Scientific Quality of COVID-19 and SARS CoV-2 Publications in the Highest Impact Medical Journals during the Early Phase of the Pandemic: A Case-Control Study

Published on by Joana Berger-Estilita
A debate about the scientific quality of COVID-19 themed research has emerged. We explored whether the quality of evidence of COVID-19 publications is lower when compared to nonCOVID-19 publications in the three highest ranked scientific medical journals. We searched the PubMed Database from March 12 to April 12, 2020 and identified 559 publications in the New England Journal of Medicine, the Journal of the American Medical Association, and The Lancet which were divided into COVID-19 (cases, n = 204) and nonCOVID-19 (controls, n = 355) associated content.
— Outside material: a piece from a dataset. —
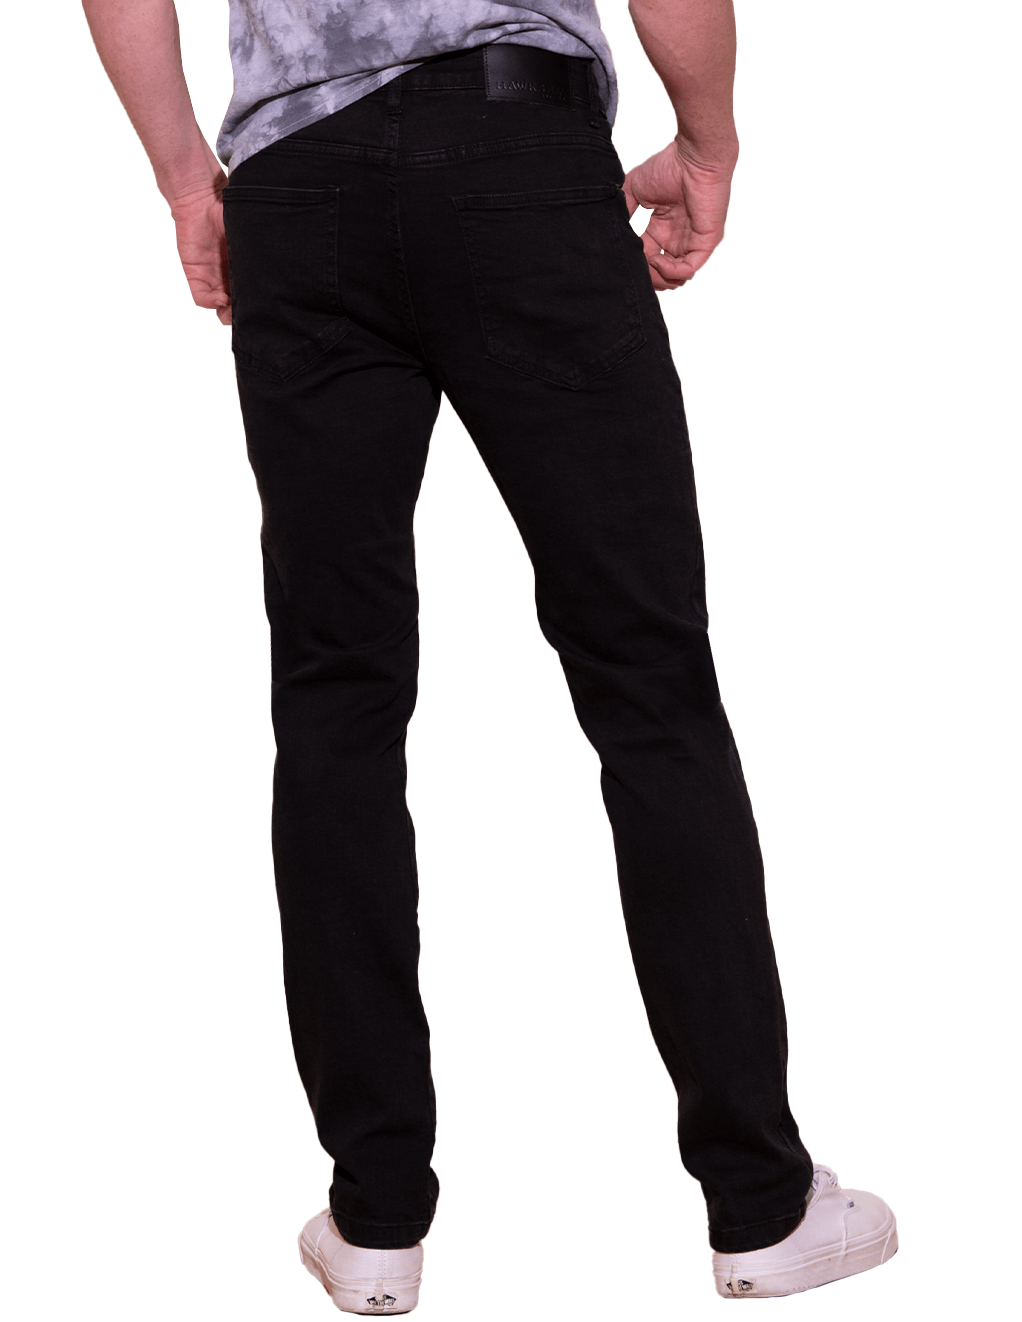 HUSTLER® Mens Jeans - Black - Full Length Back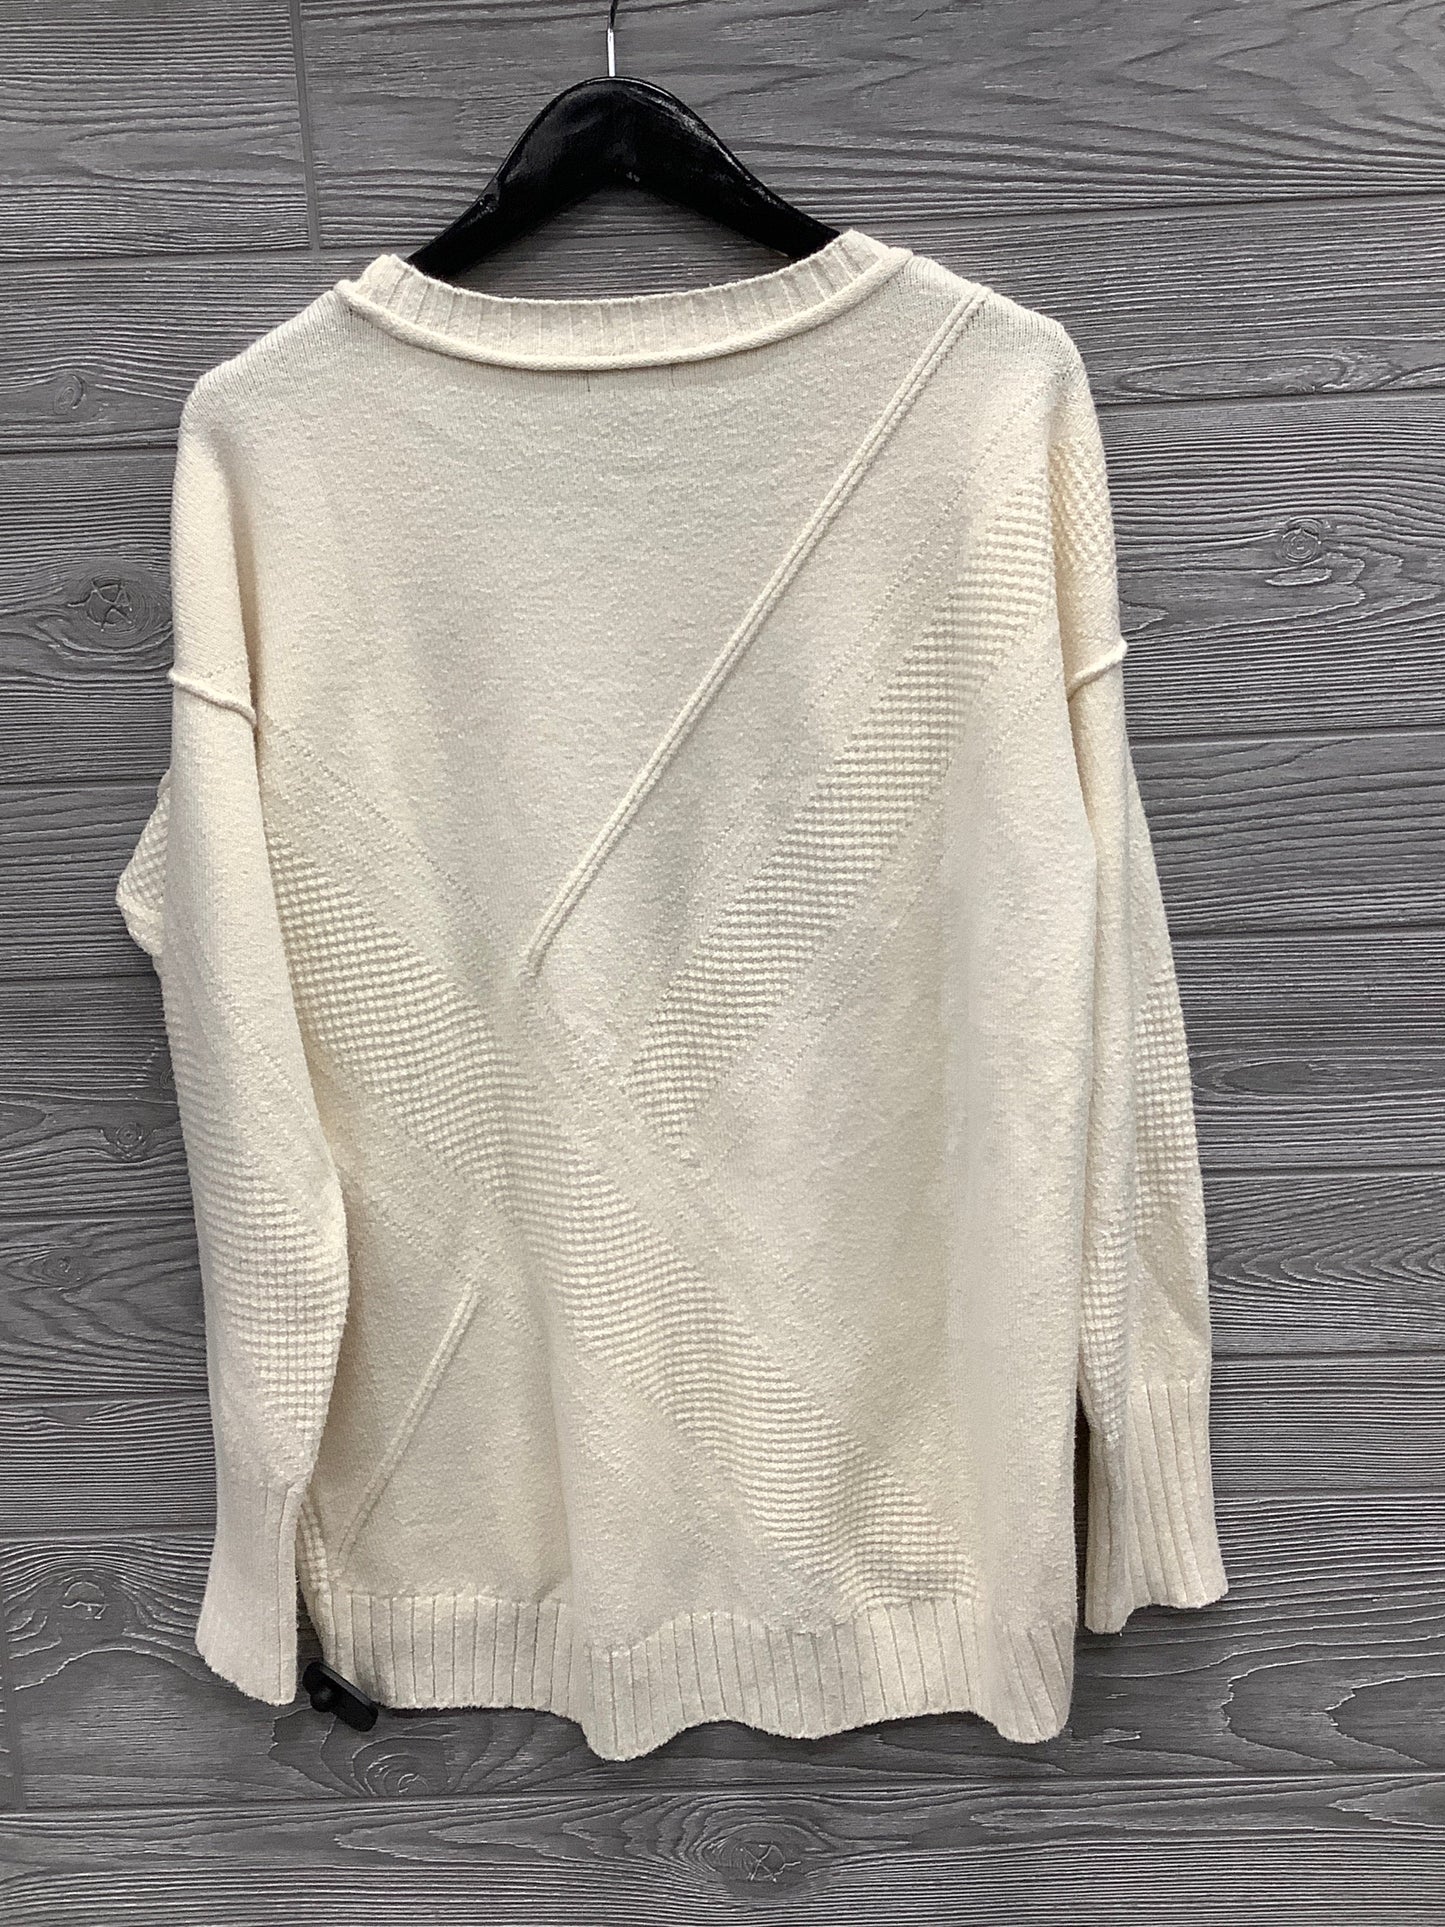 Sweater By Calvin Klein  Size: Xl

After exclusion of secondary, unauthored, response letters and non-matching article types, 157 COVID-19 publications (including 13 original articles) and 141 nonCOVID-19 publications (including 52 original articles) were included in the comparative analysis. The hierarchical level of evidence was determined for each publication included and compared between cases and controls as the main outcome. A quantitative scoring of quality was carried out for the subgroup of original articles. The numbers of authors and citation rates were also compared between groups. The 141 nonCOVID-19 publications were associated with higher levels of evidence on the level of evidence pyramid, with a strong association measure (Cramer's V: 0.423, P <0.001). The 157 COVID-19 publications were 16-fold more likely to be of lower evidence (95% confidence interval [CI] for odds ratio, 6.2–42; P <0.001). The quantitative quality score (maximum possible score, 28) was significantly different in favor of nonCOVID-19 (mean difference, 11.1; 95% CI, 8.5–13.7; P <0.001). There was a significant difference in the early citation rate of the original articles that favored the COVID-19 original articles (median [interquartile range], 45 [30-244] vs. 2 [1-4] citations; P <0.001). We conclude that the quality of COVID-19 publications in the three highest ranked scientific medical journals is below the quality average of these journals. These findings need to be verified at a later stage of the pandemic.